Jo Skone was doing forest schooling before it was forest schooling.
Back then, it was just called getting outside.
Jo is a senior teacher and the forest school leader at Randolph Beresford Early Years Centre, right in the middle of London. When most people think of outdoor learning, they don’t think of central London — but that’s where Jo shines. For over a decade, she’s been a leader in finding ways to bring early learning outside, no matter where we’re at.
I connected with Jo at this year’s Nursery World Show to hear her thoughts on why outdoor learning is right for children, and what’s the best way to do it.
You can take a look at some of the biggest insights from the interview in the clips below, or scroll to the bottom of the page to watch the full 13 minute interview.
As an Early Years educator, Jo started taking groups of children to Wimbledon Common 14 years ago. Back then, it was just to go play for the whole day. There wasn’t a framework or a name to it.
Jo points out that forest schools aren’t really “new,” so much as they put a name to the practice of getting outside. She believes that outdoor play naturally facilitates a lot of important skills in children: Exploring risky play, independence, working as a group, and understanding others.
As the concept of forest schooling took off, Jo found others coming to her for guidance. She was soon giving speeches and interviews in England, Scandinavia and North America. “I couldn’t understand what all the fuss was about. I was just doing what I knew was right for children,” she says.
At about the three-minute mark, Jo talks about the forest schools movement today.
As the forest school movement became more formal, Jo saw the risk of overthinking things. She saw a greater focus on check-boxes and hard measurements — structuring forest schooling with great emphasis on planned outings, detailed organisation and lots of chaperones. To her, this doesn’t guarantee good outcomes.
The ethos, she says, is trusting children. It’s about putting children in an enabling outdoor environment, listening to them, and supporting them in whatever drives their interests. That’s what really guarantees good outcomes, she says. It’s a question of whether we should “do” outdoor learning or “be” outdoor learning.
Jo believes that her approach of focusing on the ethos of forest schooling is especially valuable with settings that don’t have bountiful access to nature. Urban or semi-urban settings don’t need a rented minibus to get to the countryside. Just getting outside, however you can, is what counts.
Given the demands and expectations already placed on Early Years educators, it’s a lot to ask to pile on a lot of structure and logistics with forest schooling. But Jo doesn’t dismiss the training and planning — she just believes that every educator still needs to learn how to let children lead and be enabled in nature.
So how does a setting take the leap with forest schooling? Jo gets into that at about the 7:45 mark. First, she’s put out an open invitation to come visit Randolph Beresford, to see how she and her team do forest schooling in the middle of London.
Starting out, she says, should be simple. You don’t need any special training, or hardly any preparation, to take the first steps. Just take the children outside, and see where it goes. Trust them to lead you, and support their learning as it happens.
The good thing about forest schooling is it’s not so resource-driven, Jo says. Having worked in Early Years, under different governments, she’s ridden waves of fluctuating funding. And when the money’s there, you get used to having a cracking practice that needs certain costly resources.
Forest schooling doesn’t need any special resources, besides a little nature. But instead, Jo says, it requires teachers to dig deep and find their philosophy, to find what they believe in. This isn’t easy, because you have to model everything you want the children to be. You want them to be fun and playful, curious and engaged, reflecting, adventurous and creative — so you’ve got to bring that to your setting every day.
Just after the 10-minute mark, Jo talks about how she uses the EYFS Early Learning Goals as a guide for forest schooling. She’s careful to put the children’s experiences before the learning goals.
In her view, Early Years educators should look for how children’s actions could be described with Early Learning Goals criteria, instead of shaping activities to meet the criteria. If children are playing and deeply engaged, they’re going to be learning, she says — you can check whichever box you think classifies it best.

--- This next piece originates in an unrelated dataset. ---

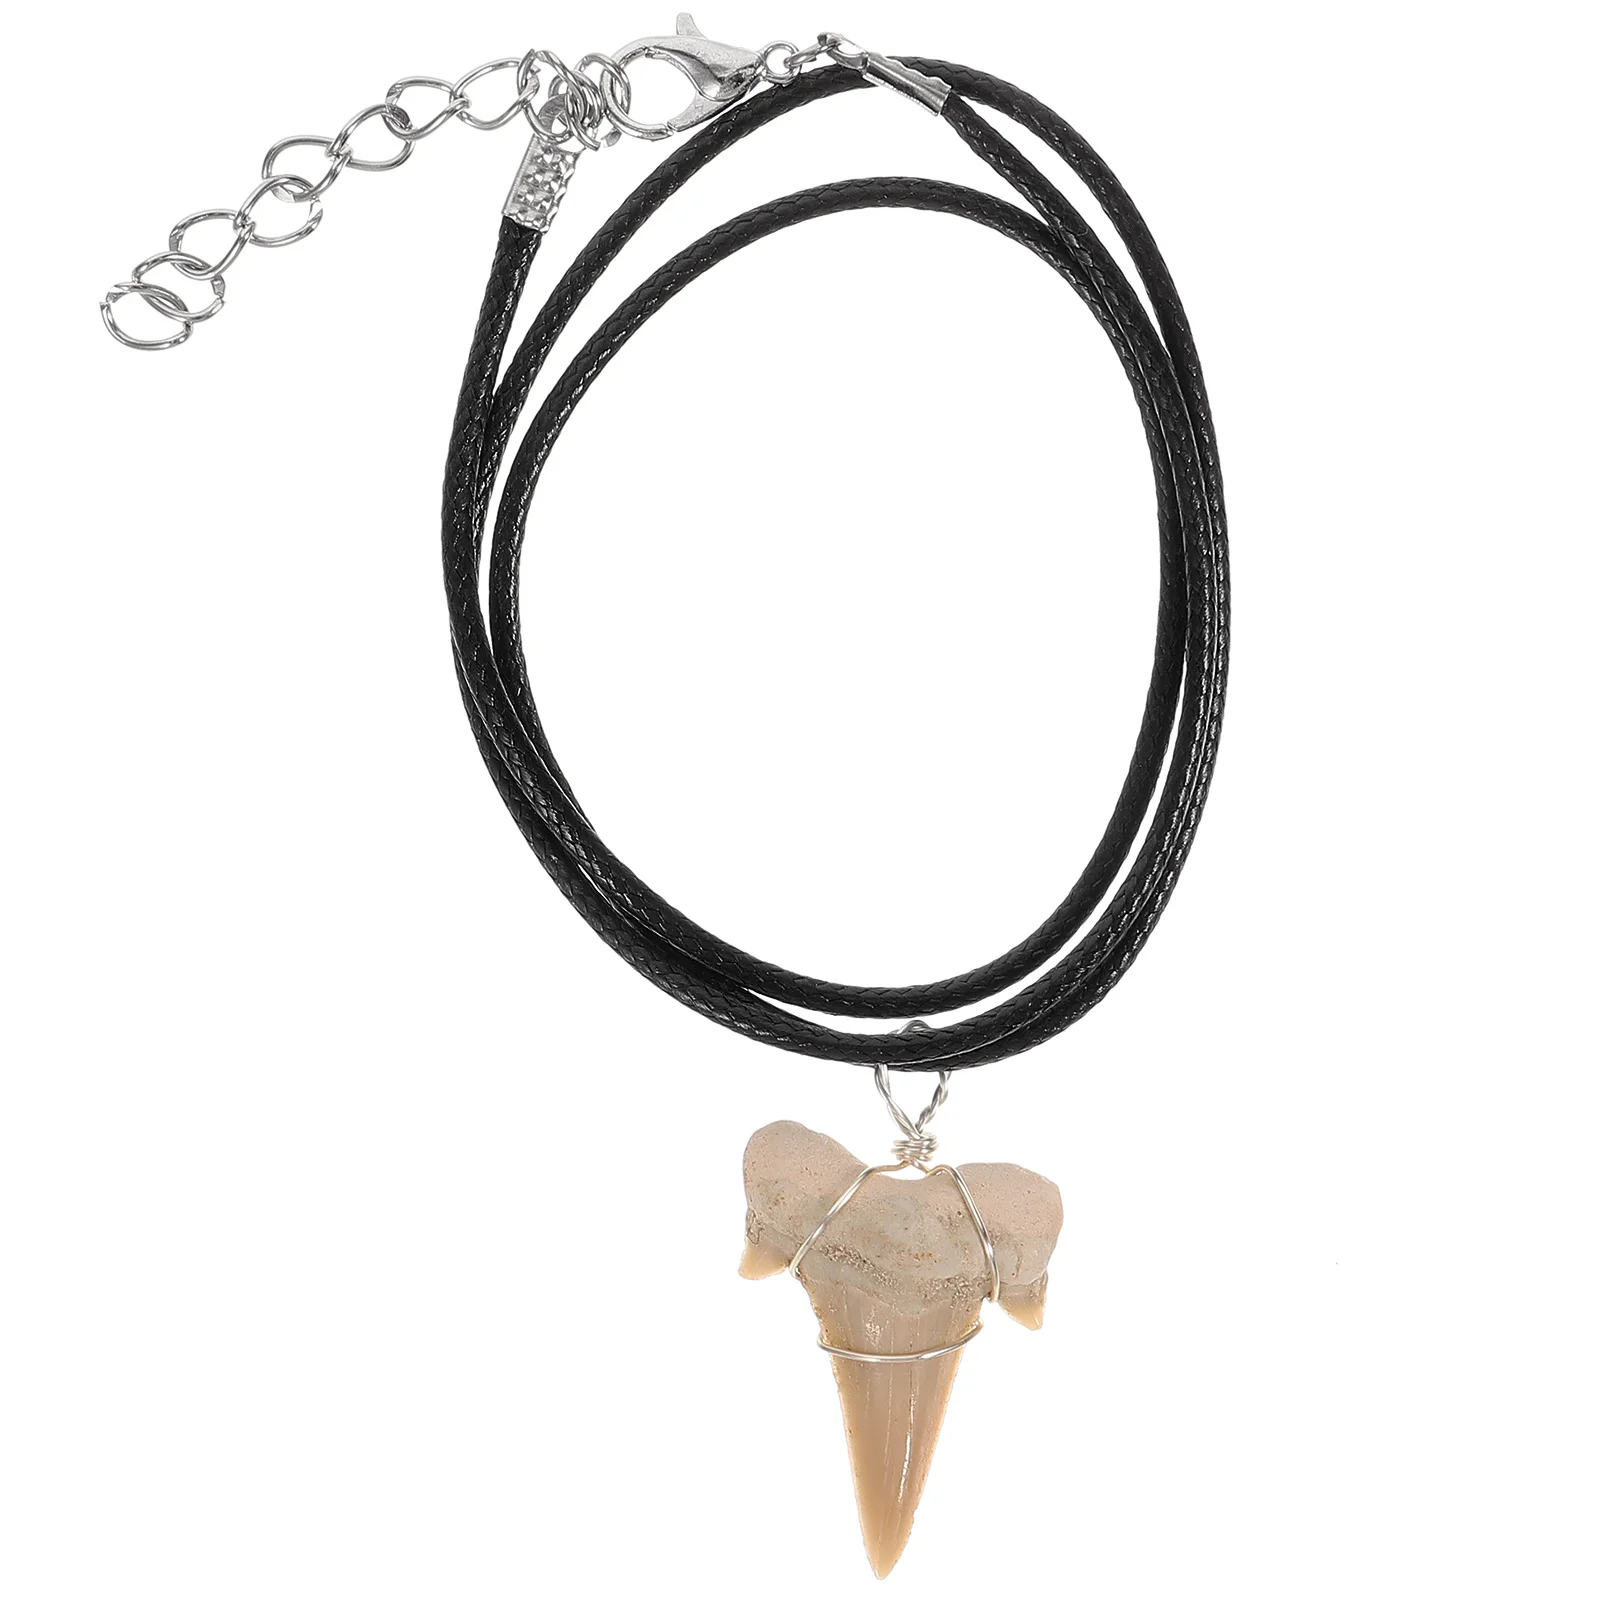 

Necklace for Women Necklaces Girls Sharks Tooth Chain Charm Cool Hanging Pendant Decoration Fossil Miss Cord

When Jo first got started in forest learning, she was looking for most people’s idea of an outdoor space — lots of leafy greenery, wide open expanses and all that.
But reflecting on the meaning of “natural world”, she realised that meant something else for children in central London. For them, the city is their natural world. Jo learned to find nature within the city, and embrace smaller urban green spaces like the nursery garden and local parks. She also found ways to bring nature into the city, shipping in topsoil, wood chips and logs for her garden.
At the end of the day, Jo says outdoor learning requires us to rely on that Early Years sense of creativity and resourcefulness. Don’t underestimate the spaces you have to work with — and remember that to the little ones, any space seems three times bigger. There’s more space, more wonder, more possibility in spaces that us grown-ups might disregard. The most important thing for children in outdoor learning, Jo says, is to give them ownership.